Court Opinion

ID: 8527531
Source: CourtListenerOpinion
Date Created: 2022-11-23 10:57:42.287875+00
Date Added: 2024-06-11T16:51:40.929963
License: Public Domain

Mb. Justice Wole
delivered the opinion of the court.
The complainants in this case essentially alleged that they were the owners of two pieces of property in Bio Piedras (describing them); that their ancestor permitted the defendant to live on a piece of land composed of eight acres, which was a segregation out of the latter of the two pieces of thirty acres, and that the said defendant withheld the same from the complainants without right or title thereto. While there were recitals of evidence in the complaint which were unnecessary, the said essential facts were sufficiently well alleged and the complaint was sufficient.
The defendant answered with a general denial and then Octavio García Salgado appeared and asked to he allowed to intervene in the suit as the real owner of the property sought to he revendicated. Permission was granted. Trial was had and judgment given for the complainants.
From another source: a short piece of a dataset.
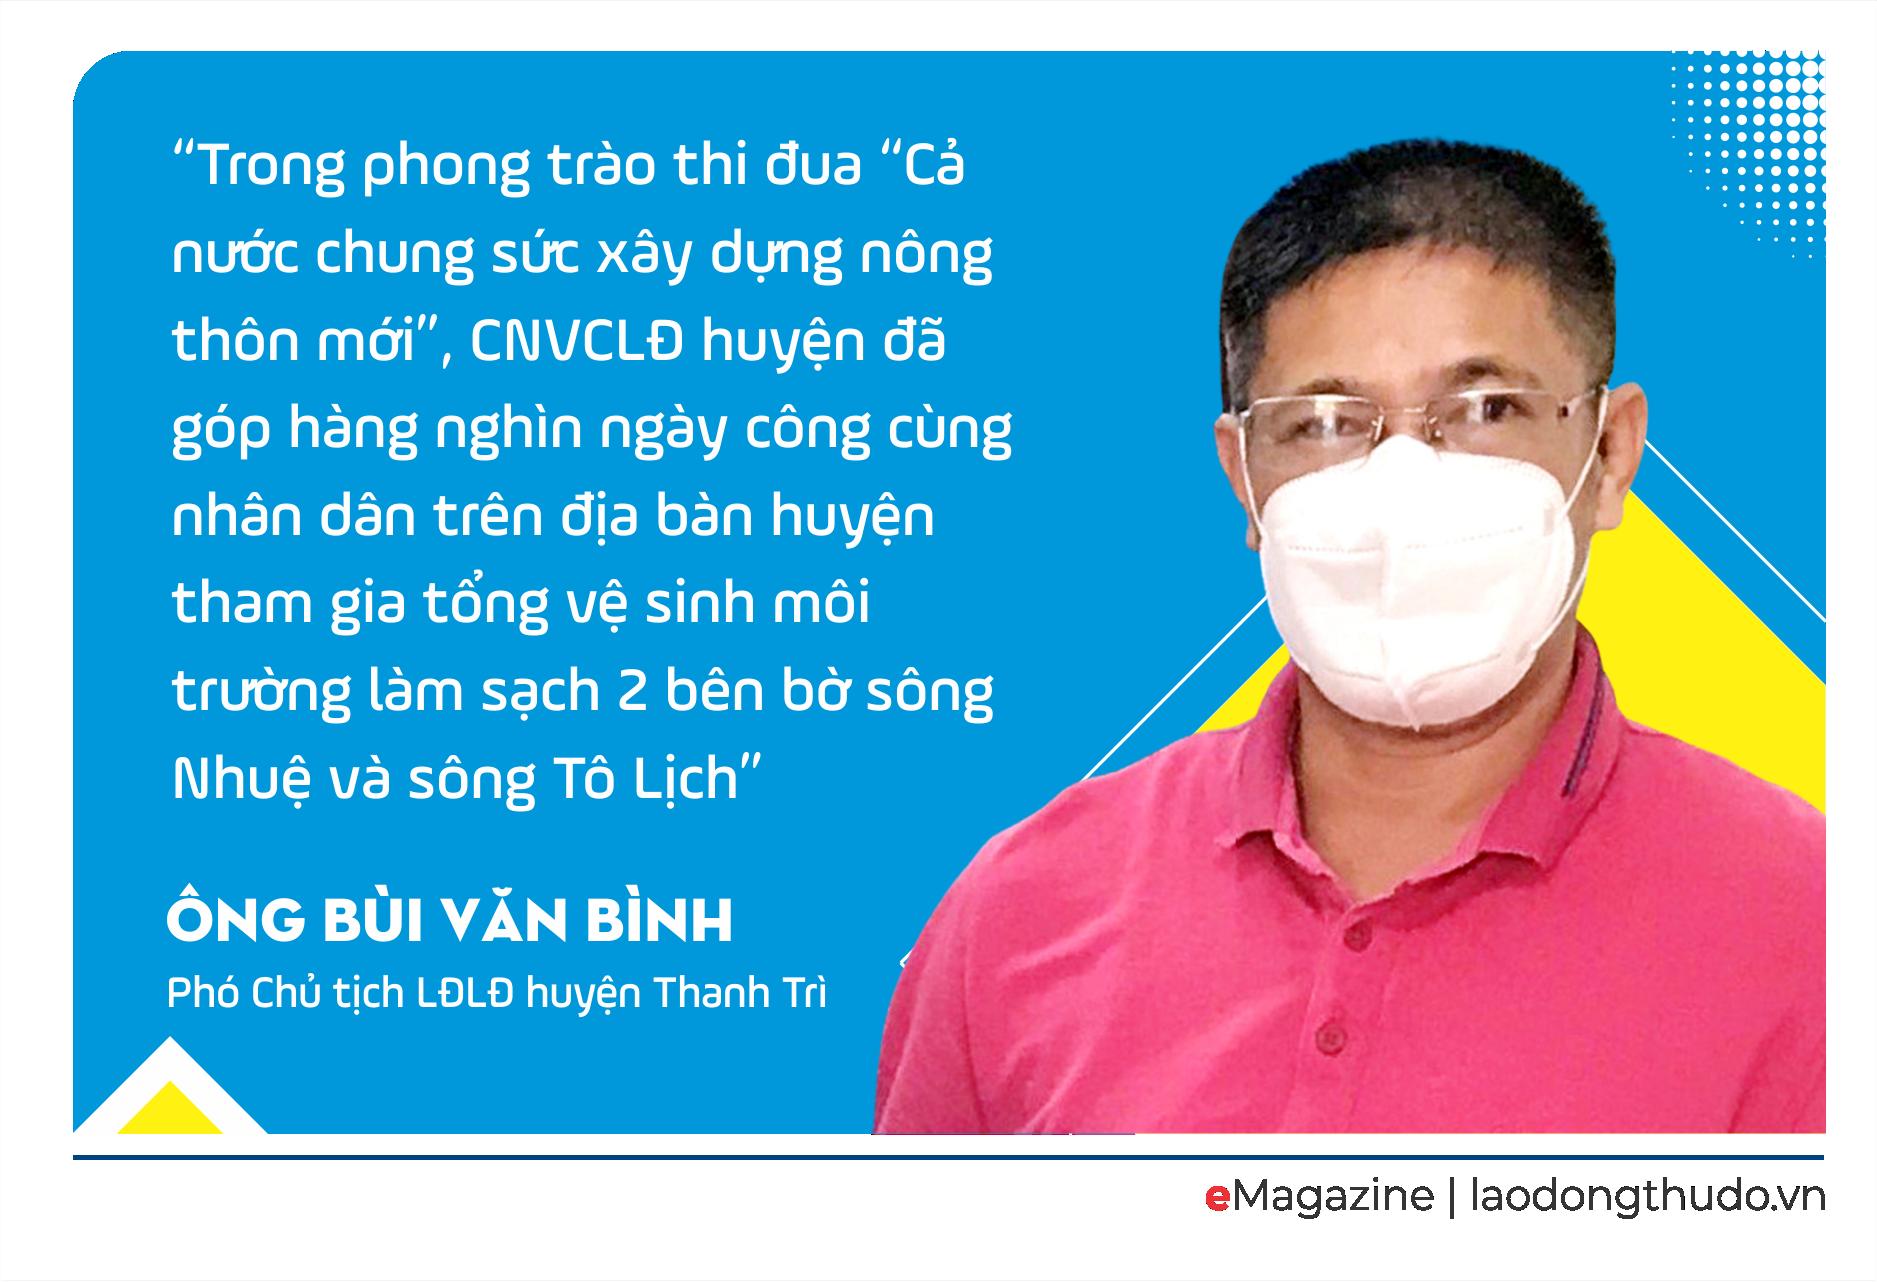 Công nhân lao động huyện Thanh Trì: Sáng tạo và hội nhập

*340In its opinion the court said that it would have been difficult to identify the land if the intervenor had not admitted his possession of the same. The appellant insists that all that he admitted was that the land described was his and that he did not admit that the eight acres had been carved out of, or was a part of, the thirty for which the complainants produced a title.
We do not know why the complainants found it necessary to describe two pieces of land of thirty acres each in their complaint, but we suppose it was because they were contiguous and they paid taxes on them as a whole, and perhaps to anticipate the defense that these second thirty acres could be accounted for by reference to the first thirty.
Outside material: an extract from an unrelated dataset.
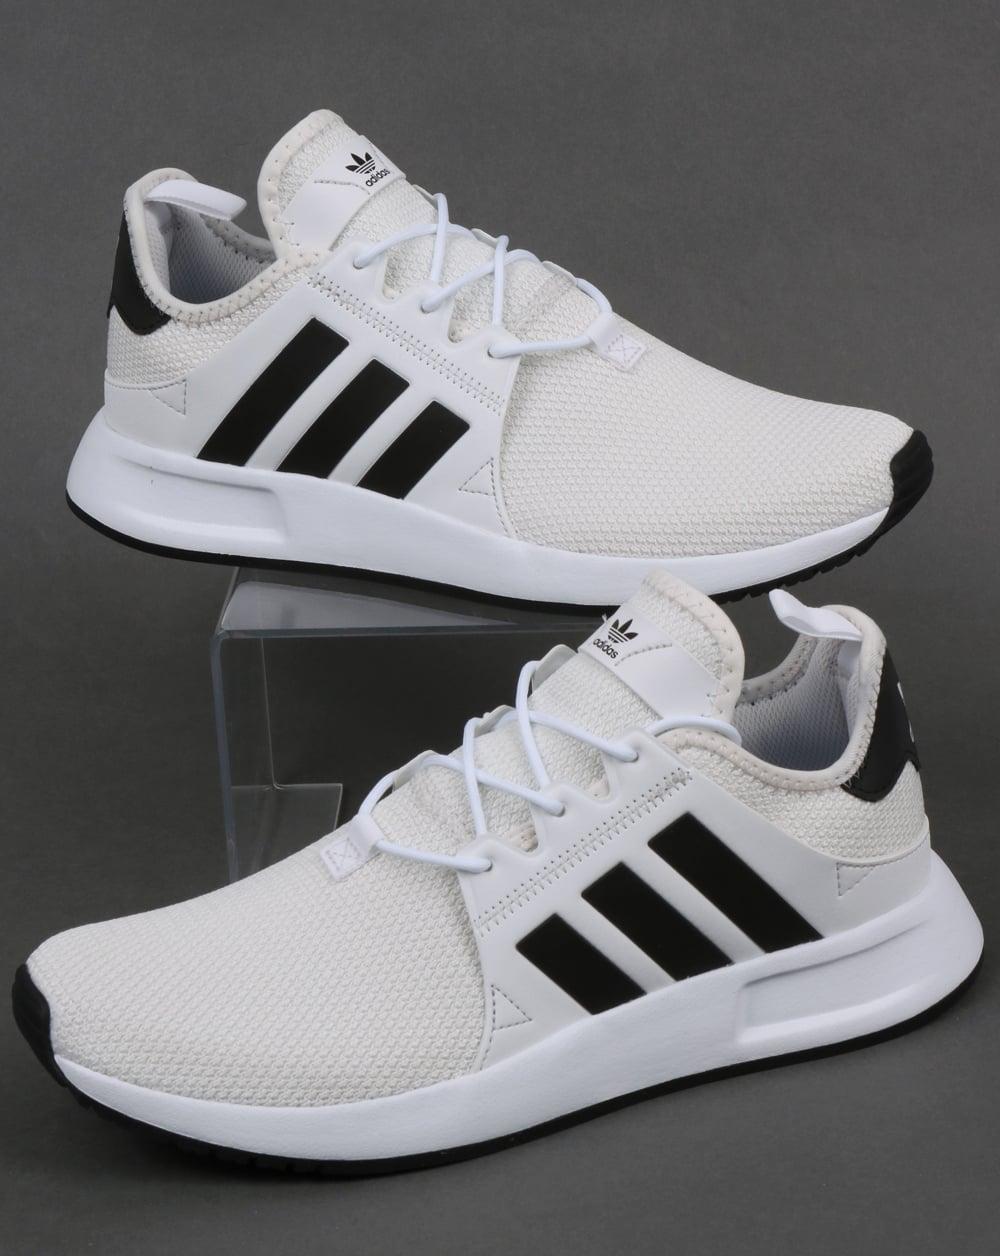 separation shoes 99d13 3f45c Adidas XPLR Trainers White TintBlack

We agree that the intervenor made no more admissions than claimed, but we also find that the court meant no more, for after making the alleged statement the court went on to say: “From the whole proof the court arrives at the conclusion that the eight acres were a part of a farm of thirty acres that Francisco Bibiano de la Cruz acquired by purchase from José G-arcia by a deed made before notary Mauricio Guerra on July 28, 1897; -that on the said land, by the tolerance of the owners, Rafael Bernabe first lived and after-wards, against the will of the owners, Pedro Bernabe, and that neither the father, Rafael Bernabe, nor his son were ever owners or true possessors of said land.” Francisco Bibiano de la Cruz was the ancestor of the complainant. Pedro Bernabe was the original defendant and turned over the possession to the said intervenor after this suit was brought.
The court besides analyzed the proof to demonstrate that the intervenor never had any real title by purchase or otherwise. His lack of title was so clear that we shall spend no further time in discussing it. And for the same reason we shall not discuss the question of prescription more than to *341say that there was no title shown, to say nothing of a just title.
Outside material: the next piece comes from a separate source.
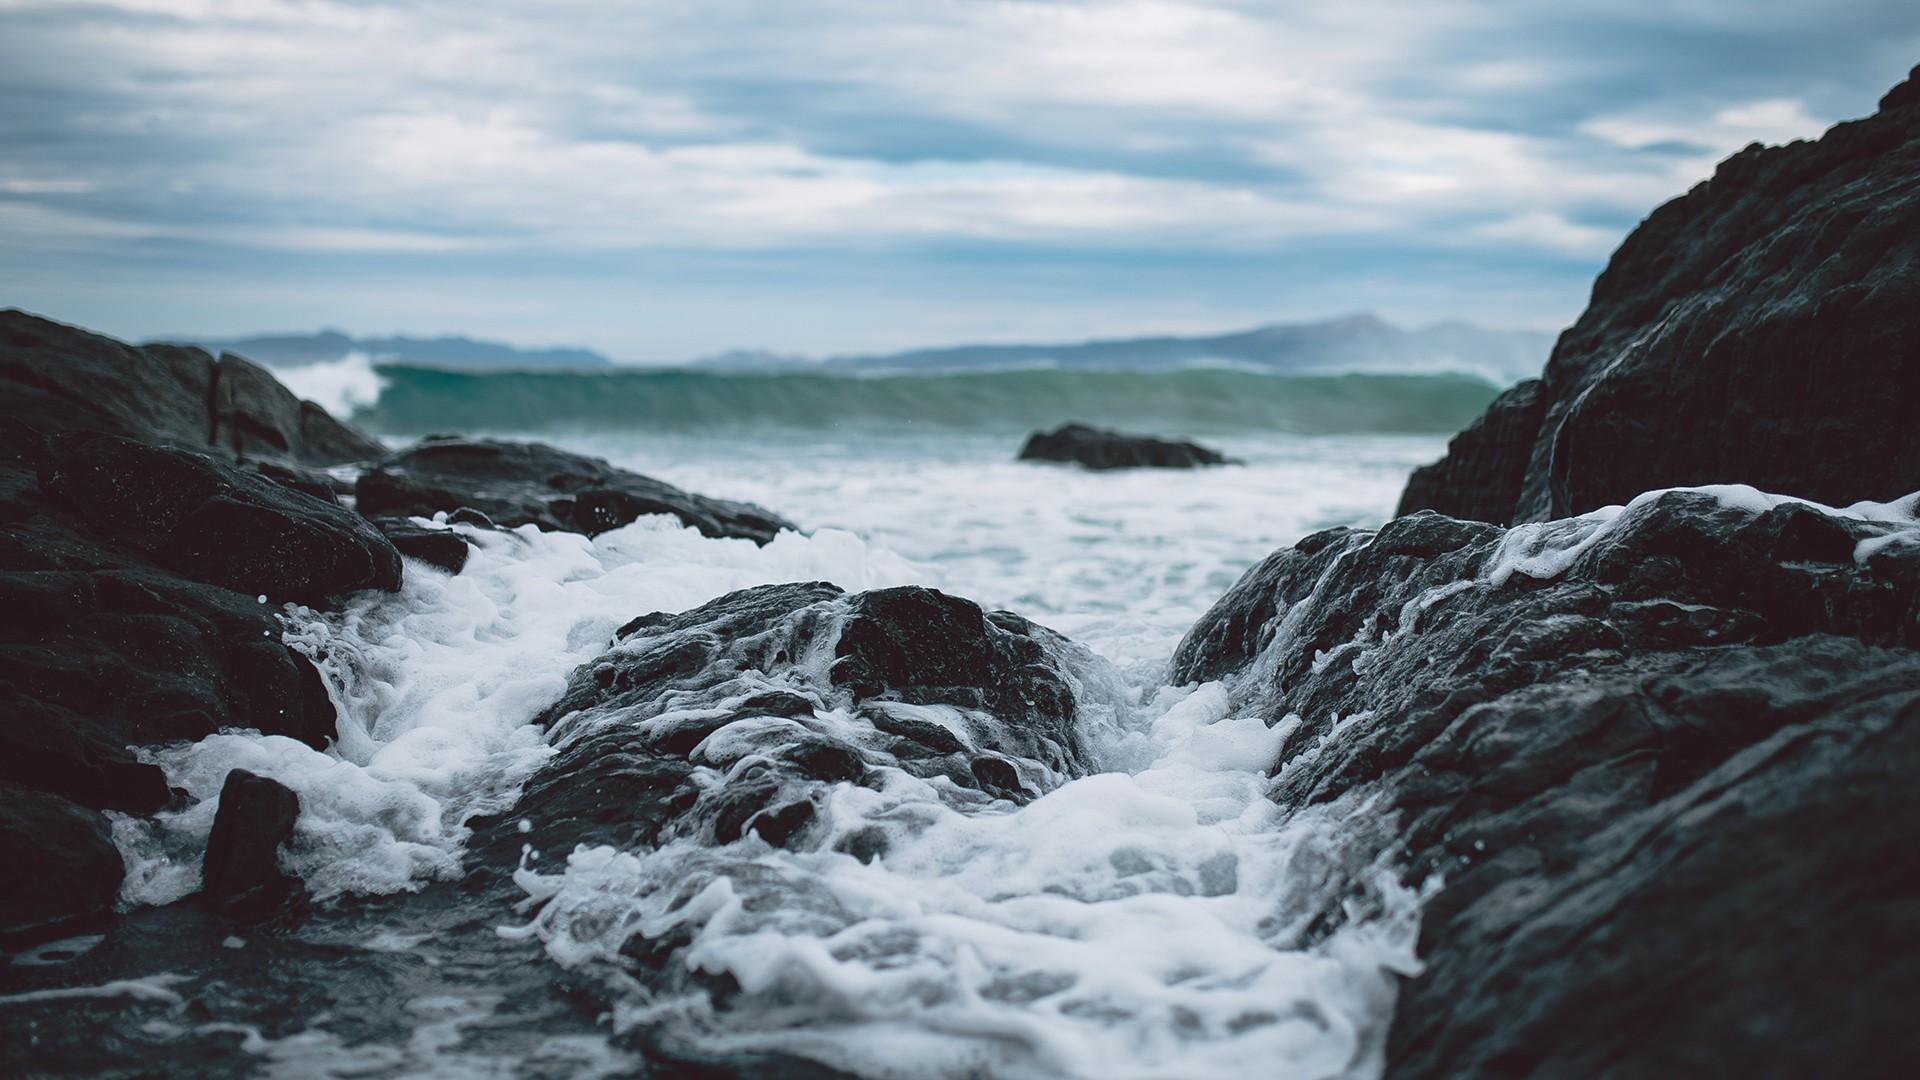 Wallpaper : landscape, sea, rock, nature, shore, coast

Of course the complainants must recover on the strength of their own title, hut when a defendant transfers the possession post litem motam this is a circumstance somewhat like flight in criminal cases and entitled to some weight. Indeed the intervenor made a claim that he had acquired the title from the mother of the defendant and that the said defendant was a mere superintendent of the said intervenor.
There was a strong conflict in the evidence. A good deal depended on where was the northern boundary of the said thirty acres. The appellant maintains that the titles of the complainant do not show that their land, bounded on the north by Hernández, was separated by a brook named Carne Fresca. This brook is now the northern boundary of the eight acres claimed. The appellees, on the other hand, maintain that the evidence tends to show that Hernández never owned or held land to the south of the brook at the boundary claimed by the appellees. Likewise, the appellant introduced evidence tending to show that there was a series of trees, a natural boundary to the north beyond which the land of the complainants did not extend. The appellees admitted the existence of the trees, but denied that there was any boundary there, natural or artificial. As the intervenor claimed indirectly through Hernández, these division points were important.
As the land in the possession of the complainant, described as thirty acres, would only contain a little over twenty, the appellant attempts to explain this difference by showing mistakes or different groupings of the whole sixty acres belonging to the appellees.
All these matters, however, were all questions going to the weight of the evidence and the appellant has failed to convince us that the court made any error in its consideration of the same. On the contrary, we are inclined to the *342view that a clear preponderance of the same was with the appellees.
The judgment must be

Affirmed.

Justices Del Toro, Aldrey and Hutchison concurred.
Mr. Chief Justice Hernández took no part in the decision of this case.